For partitioning by month, use the `toYYYYMM(date_column)` expression, where `date_column` is a column with a date of the type [Date](/docs/en/sql-reference/data-types/date.md). The partition names here have the `"YYYYMM"` format.
### Querying partitioned data
This example uses the [docker compose recipe](https://github.com/ClickHouse/examples/tree/5fdc6ff72f4e5137e23ea075c88d3f44b0202490/docker-compose-recipes/recipes/ch-and-minio-S3), which integrates ClickHouse and MinIO. You should be able to reproduce the same queries using S3 by replacing the endpoint and authentication values.

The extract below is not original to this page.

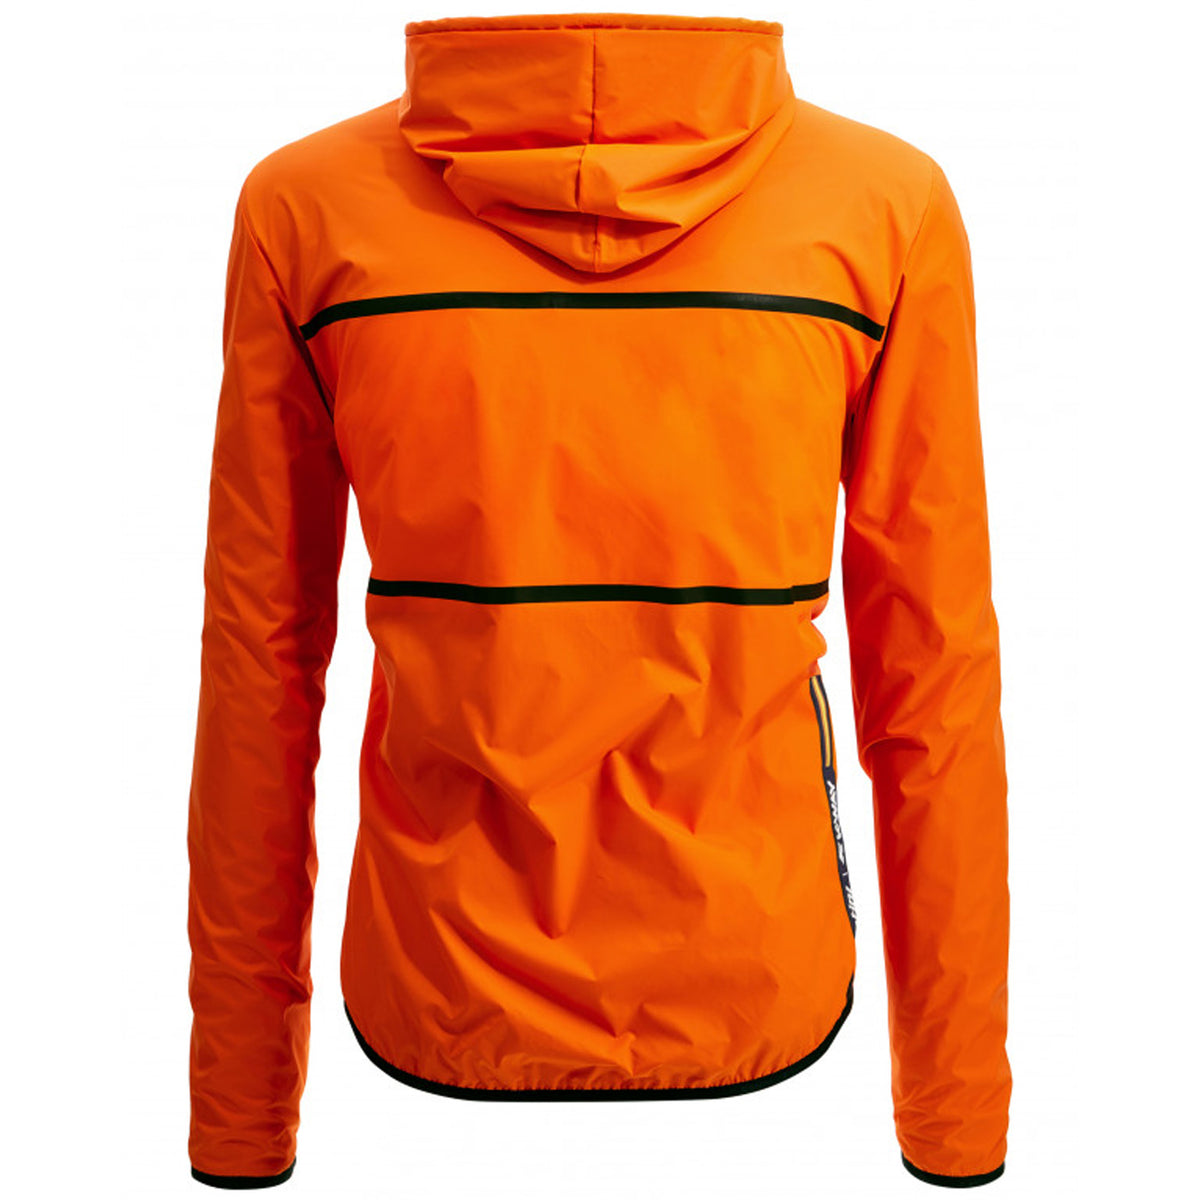 Santini X K Way Reversible Windproof Jacket Orange All4cycling

Notice that the S3 endpoint in the `ENGINE` configuration uses the parameter token `{_partition_id}` as part of the S3 object (filename), and that the SELECT queries select against those resulting object names (e.g., `test_3.csv`).
:::note
As shown in the example, querying from S3 tables that are partitioned is
not directly supported at this time, but can be accomplished by querying the bucket contents with a wildcard.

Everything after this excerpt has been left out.